Jörg Heinrich erlebte nach dem Mauerfall bei Kickers Emden vier euphorische Jahre, die ihn für seine spätere Weltkarriere prägten. Erinnerungen eines „Ossis“ in Ostfriesland.
In den Folgejahren kamen immer mehr Spieler aus der ehemaligen DDR. Zeitweise lief Kickers mit mehr als einem halben Dutzend Ex-Ossis auf. Sie spielten insgesamt vier Jahre für den Klub.
Gleich im ersten Jahr stiegen wir in die dritte Liga auf. In der Saison 1993/94 ließen wir in der Oberliga trotz eines eher überschaubaren Budgets sogar die Zweitligaabsteiger VfB Oldenburg, Eintracht Braunschweig und den VfL Osnabrück hinter uns und wären um ein Haar aufgestiegen. Die Zuschauer rannten uns die Bude ein. Bei normalen Ligaspielen waren fast immer 2500 Zuschauer im Stadion, zu den Aufstiegsspielen kamen dann mehr als 10 000 Besucher zu den Spielen – knapp ein Fünftel der Gesamtbevölkerung Emdens.

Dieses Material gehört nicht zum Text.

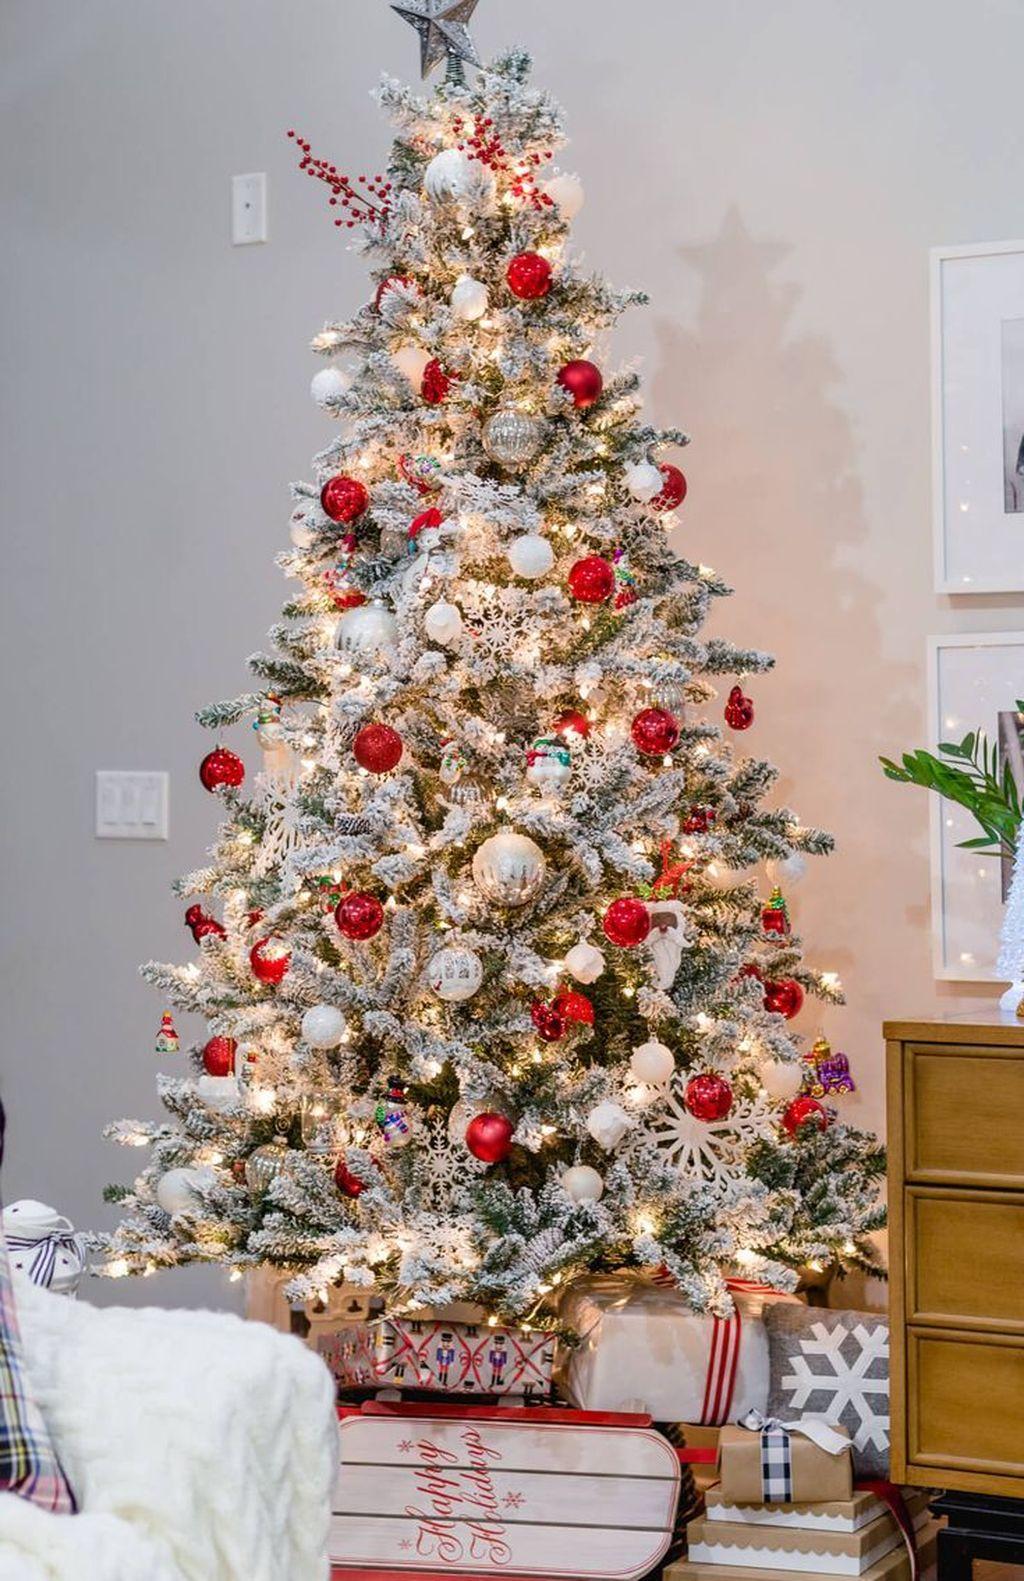 Amazing Winter Christmas Tree Design And Decor Ideas 08

Wie müssen wir uns den Zusammenhalt im Team vorstellen?
Wir wurden von der Euphorie getragen und hatten das Glück, oft am Freitagabend unter Flutlicht zu spielen und dann am Wochenende frei zu haben. Nach Siegen haben wir oft spontan die Nacht zum Tag gemacht und kehrten mit der Mannschaft und den Frauen in die Emder Kneipe „Kulisse“ ein. Und manchmal endeten diese Abende in kleinerer Besetzung auch bei mir in der Wohnung.
Ihre alten Kumpels Detlev Uecker und Jörg Müller blieben nach der aktiven Zeit in Ostfriesland. Hätten Sie sich vorstellen können, in Emden alt zu werden?
Nein, das nicht. Denn es boten sich mir bald immer mehr Optionen, höher zu spielen. Im Frühjahr 1993 wurde ich von Eintracht Braunschweig zum Probetraining eingeladen. Schon auf dem Weg dahin war ich überzeugt, dass die mich haben wollen. Und so war es. Aber am Saisonende stieg Eintracht ab und ich entschied, noch ein Jahr in Emden dranzuhängen.
Mit anderen Worten: Das Ziel Profifußball nahm nun rasant Formen an?
Ich war mir irgendwann sicher, dass ich auch ein oder sogar zwei Klassen höher mithalten kann. Nach der Saison 1993/94 wurde ich zum „Oberliga-Spieler des Jahres“ gewählt und bekam etliche Angebote von Profivereinen.
„Nach Siegen haben wir oft spontan die Nacht zum Tag gemacht und kehrten mit der Mannschaft und den Frauen in die Emder Kneipe „Kulisse“ ein. Und manchmal endeten diese Abende in kleinerer Besetzung auch bei mir in der Wohnung”
Wie kam Ihr Wechsel in die Bundesliga zum SC Freiburg zustande?
Wieder ein Zufall. Freiburg-Präsident Achim Stocker machte wegen der guten Luft oft Urlaub an der Nordsee und wollte bei der Gelegenheit im Herbst 1993 einen Spieler vom SV Werder II beobachten, gegen die wir in der Oberliga antraten. Wir gewannen das Heimspiel mit 3:0, ich machte zwei Tore und war wohl ganz gut. Volker Finke hatte meinen Namen über seine alten Kontakte zum TSV Havelse auch mal gehört, sodass wir bald in die Verhandlungen einstiegen.
Keine Angst davor, in der Bundesliga zu scheitern?
Nein, ich habe mir das zugetraut. Der SC Freiburg hatte in der Vorsaison gerade so die Klasse gehalten. Zur neuen Saison verpflichtete Volker Finke zwei Spieler aus der zweiten Liga, dazu mich aus der dritten. Der hatte ein gutes Auge für Fußballer. Und ich dachte: Soviel besser als ich können die auch nicht sein.
Jörg Heinrich, was ist aus Ihrer Zeit in Ostfriesland geblieben?
Die Erinnerung an eine sehr erfolgreiche Zeit und viele nette Menschen, die dafür sorgen, dass ich immer gern nach Emden komme. Im Herbst ist dort dieses Spaßländerspiel Ostfriesland gegen die DDR (am 9. Oktober 2021 im Ostfrieslandstadion Emden, d.Red.) geplant, zu dem ich eingeladen wurde. Hoffentlich lassen es die Termine zu, dass ich da auflaufen kann. Ich würde gern die alten Leute und Emden mal wiedersehen.